My nvidia card is; 01:00.0 VGA compatible controller: NVIDIA Corporation GT218 [GeForce 8400 GS Rev. 3] (rev a2)

emerge --search nvidia-drivers shows; 

*  x11-drivers/nvidia-drivers

      Latest version available: 334.16-r4

      Latest version installed: 334.16-r4

      Size of files: 65,962 kB

      Homepage:      http://www.nvidia.com/

      Description:   NVIDIA X11 driver and GLX libraries

      License:       GPL-2 NVIDIA-r1

I followed this wiki; http://wiki.gentoo.org/wiki/NVidia/nvidia-drivers

My kernel is configured in accordance to that wiki. 

I used nvidia-xconfig to give me a working Xorg. I do get the nvidia splash screen.

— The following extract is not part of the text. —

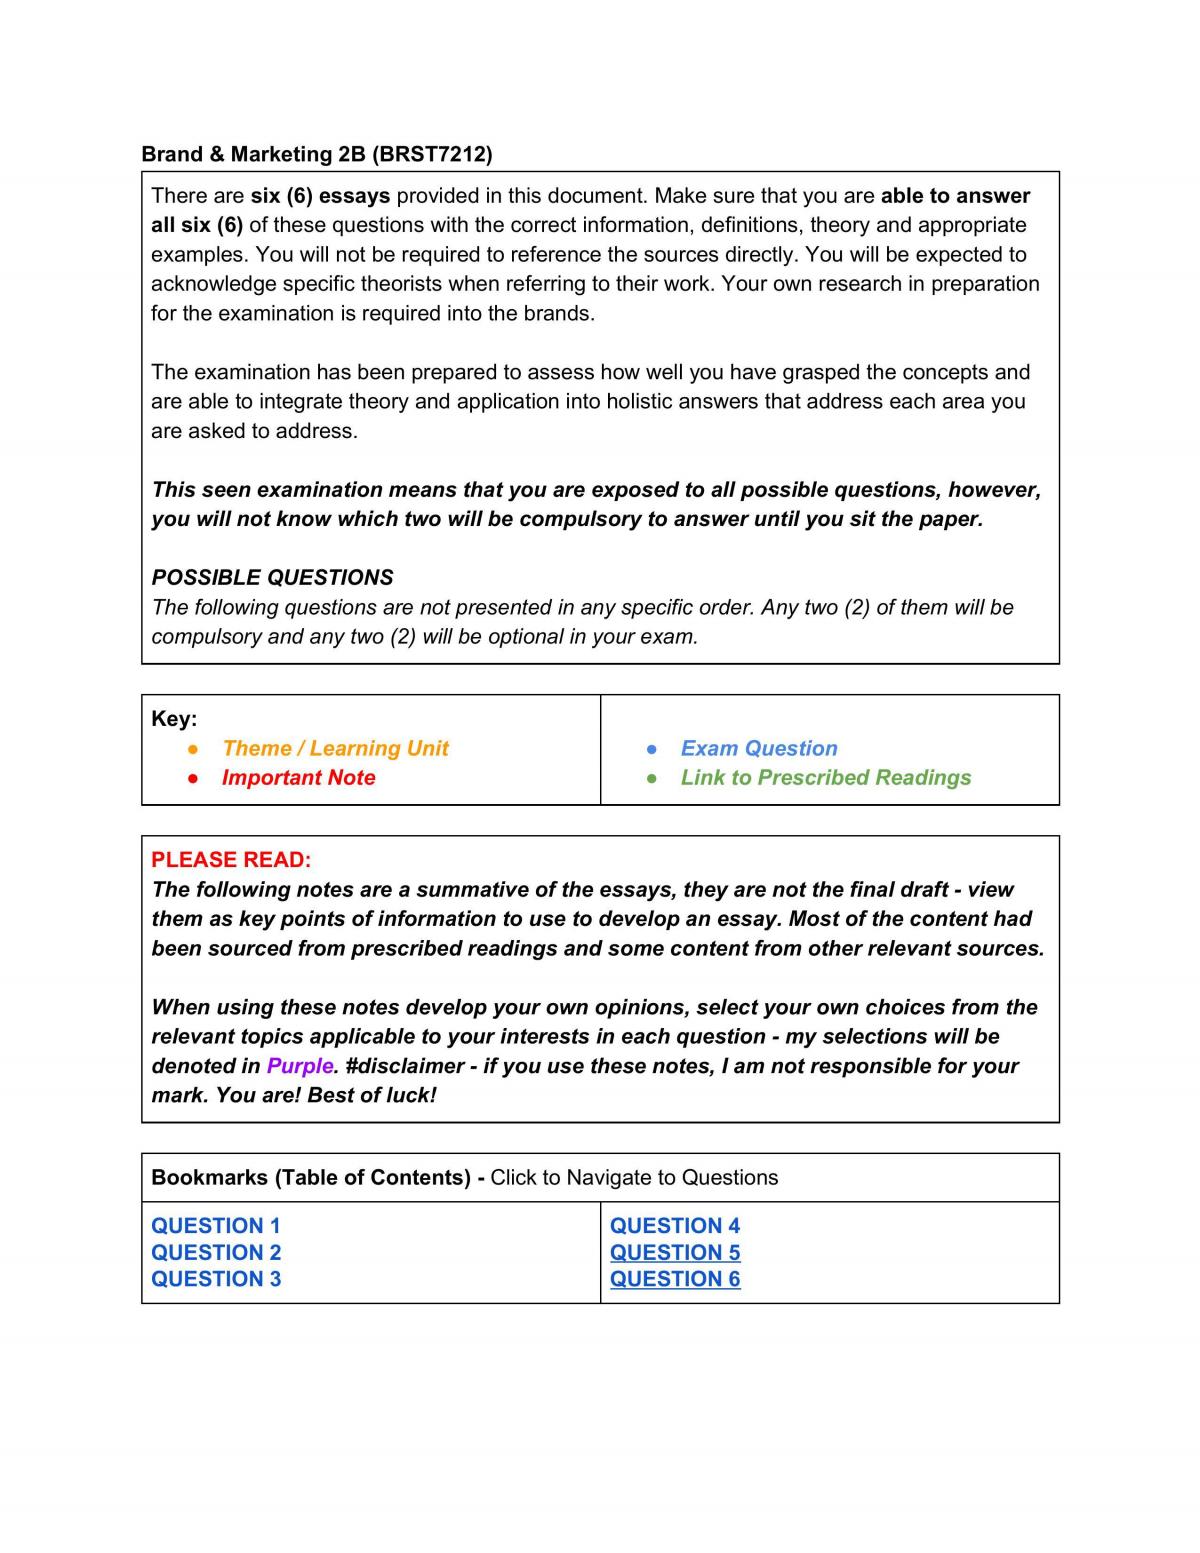 Brand & marketing 2B Full Exam notes - Page 1
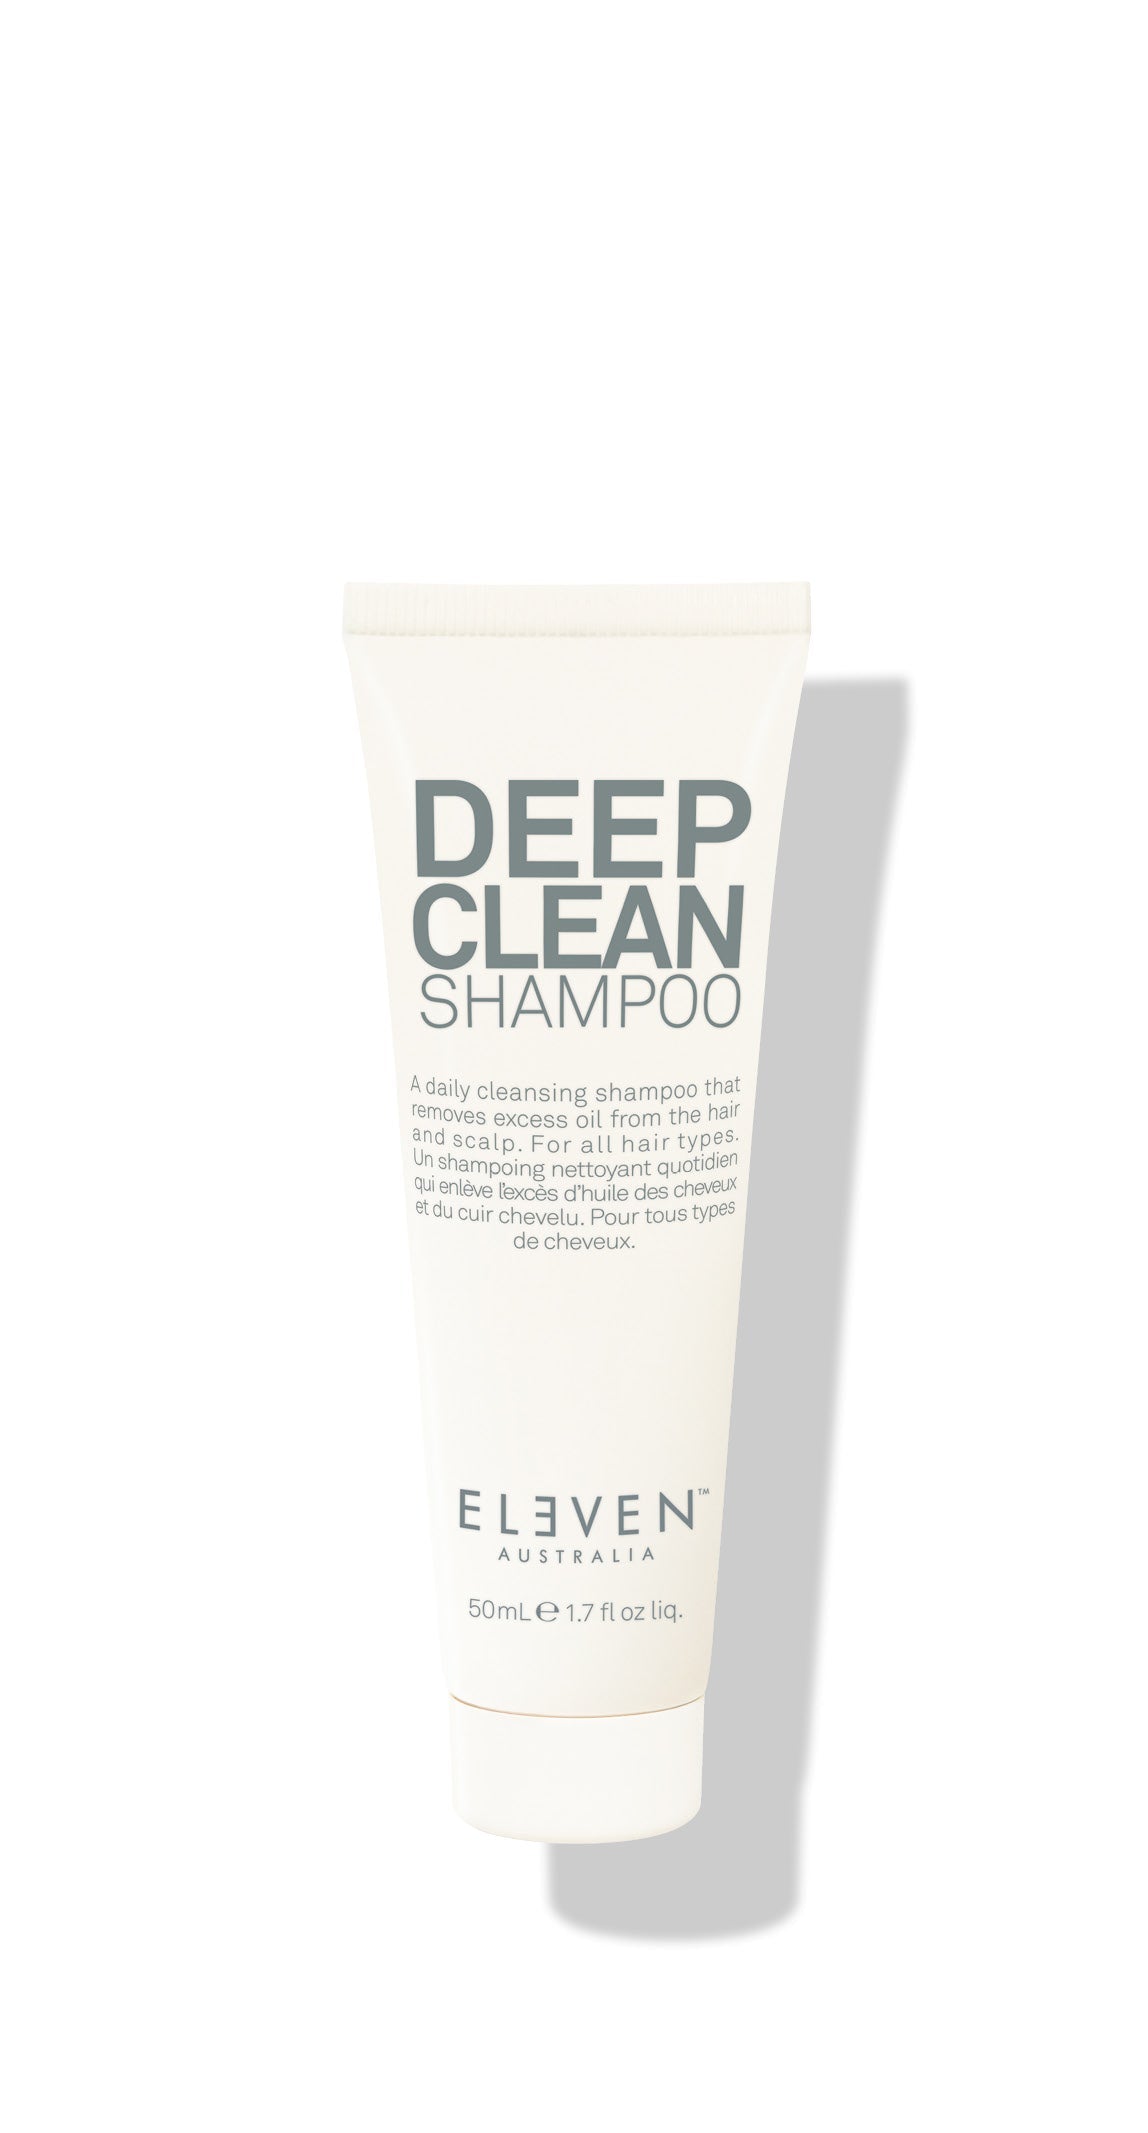 Deep Clean Shampoo - 50ml - ELEVEN Australia

So why is it, when I do eselect nvidia set, that my FPS goes way down? Whats wrong? What other info do you need?

----------

## roarinelk

use a proper benchmark tool, like one of the unigine demos.

open nvidia-settings, go to the powermizer section, and select "prefer maximum performance"

----------

## jburns

nvidia-drivers-334.16-r4 provides libEGL.so which replaces the media-libs/mesa  libEGL.so.  There is a newer version nvidia-drivers-334.16-r5 but it still has problems.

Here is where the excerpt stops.